An oversized novelty cheque


Aww - Rappers

would be a cute little mole soft toy.


why does this post

scare me slightly now?


Because

humping a mole is somewhat wrong?


tom from sparks

A disposable barbecue


I'll be happy...

to grill your sausage anytime you want.


:D

this thread is brilliant.


monpot

A He-Man pillowcase


I like the way your brain works bamos

Nice to know a grown man can still be a little bit ridiculous


grown man?


heartbroken_star

A manhole cover


do me! do me!


Harlot!


yeah

join the queue bamos.


indieAndy_Jones

A bobble hat, large


therapyrock

A map of Finland


i_are_scientist

The first five holes of Bournemouth's premier crazy golf course


jack_el_biscuit

Mr Men salt and pepper shakers


Bamos

a steak and ale pie


freerangefrog

Declan Donnellys left thumb


bamos

a traffic cone.


mug mug mug

a cup of mixed spices (cracked)


Fullerov

the 14th exit on the M11


Moribund

A bag of onions painted with the faces of dying nuns


Meths

Lloyd Hunnigans milk teeth


Moker

A baby rectangle


what?


yes!


stubryce

Early morning in Lanzarote


Fishplums

The devil himself!


eh?!


I share your surprise

Did I really post all this?
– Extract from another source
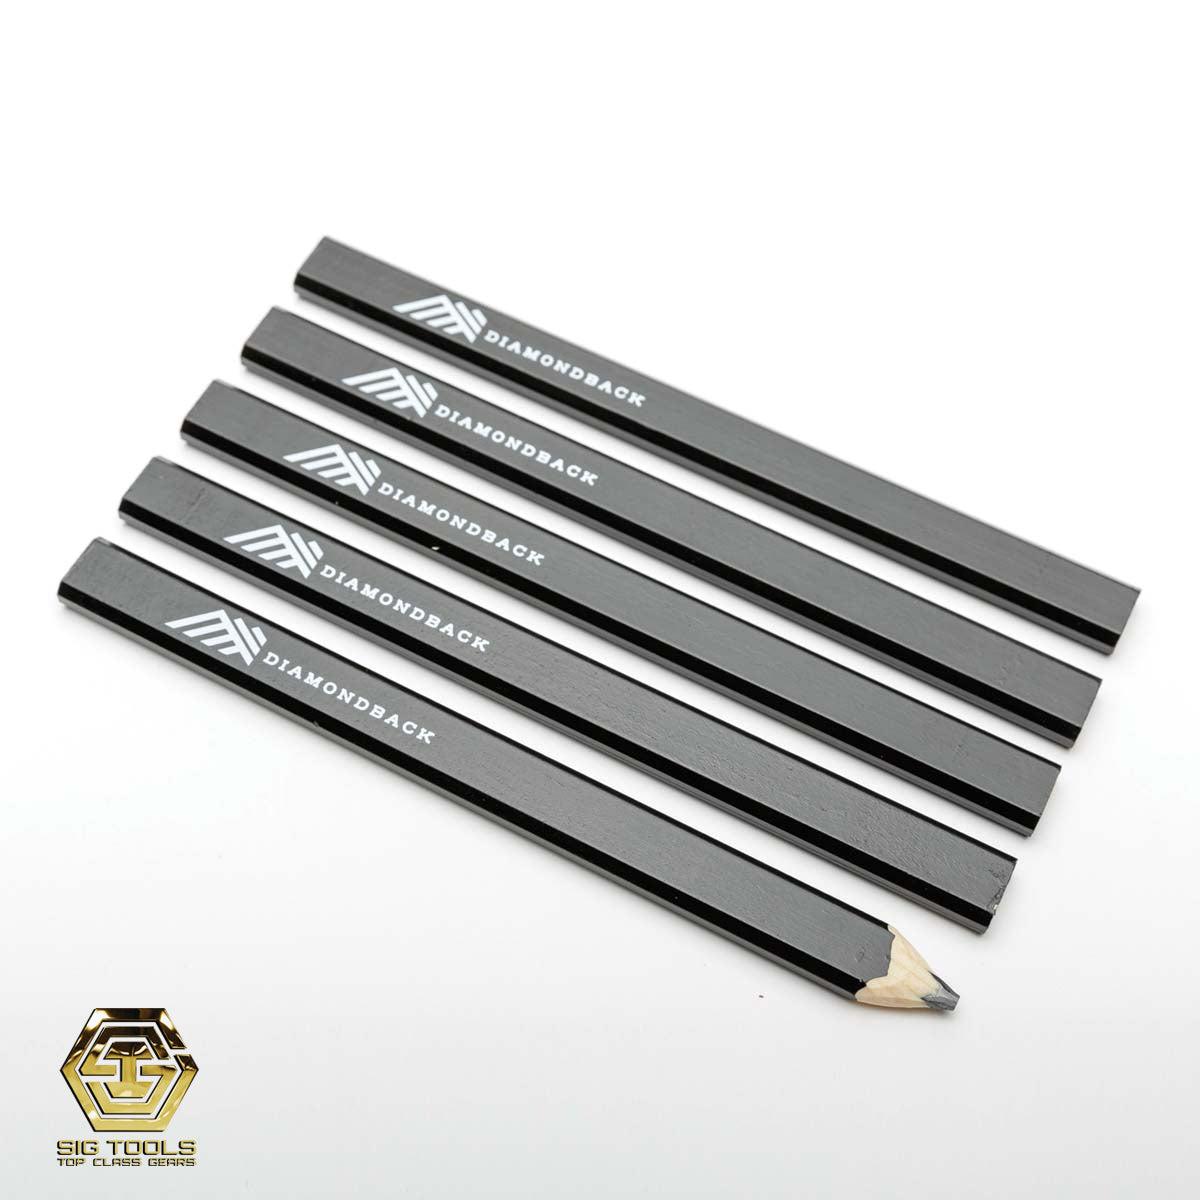 Black Carpenter Pencil Pack/ DB Carpenter Pencils Black-5 Pak /"Black Carpenter Pencils - Pack of 5 by Diamondback"

MOST unlike me!


peggancie

a discarded tea soaked sachet of salt on a Little Chef floor


Dalkin

Three scotch eggs


Awwwww

This really is the best thread ever.


thewarn

cuddly toy (disembodied)


Anschul

An effortless elegant sharp suit


IrishMagpie

A babies rattle


IrishMagpie

Judge B


irishmagpie

a slightly dog-eared creative zen manual


james_delve

A 'For Sale' sign. Yourmove, possibly. It's too far away to see properly


cunt

The first Bros album


When will I be famous?

I can't answer that!


utm_usic

A loofah


Meths

an internal office memo not telling you a great deal


^

POT motherfucking D


WHAT!


Do one back!

Do one back!


me neither

get bamos to do it.


lets see

marcofella - one of those keyrings with coloured buttons that people with roadrage used to get for christmas in the 90s

thewarn - an extra large global hypercolour tshirt

-raz- - an oversized wallet chain


I would be

one of those Billy Bass fish.


Yourmom

A sprig of holly cast all too knowingly into the fire


Commandercool

The bikesheds 15 seconds before Mr Gribble arrives


random selectaah

less than zero - a michael jackson russian doll that gets progressively younger and blacker as it gets smaller

wishpig - an unpainted set of orks from Warhammer 40000

tom from sparks - a roasted parsnip being fought over for christmas dinner

i_deserve_to_be_in_your_band - a bongo


What's thewarn, bamos?

I've got my suspicions, confirm them for me!


thewarn

Kinga from Big Brother's homemade sex tapes. Betamax.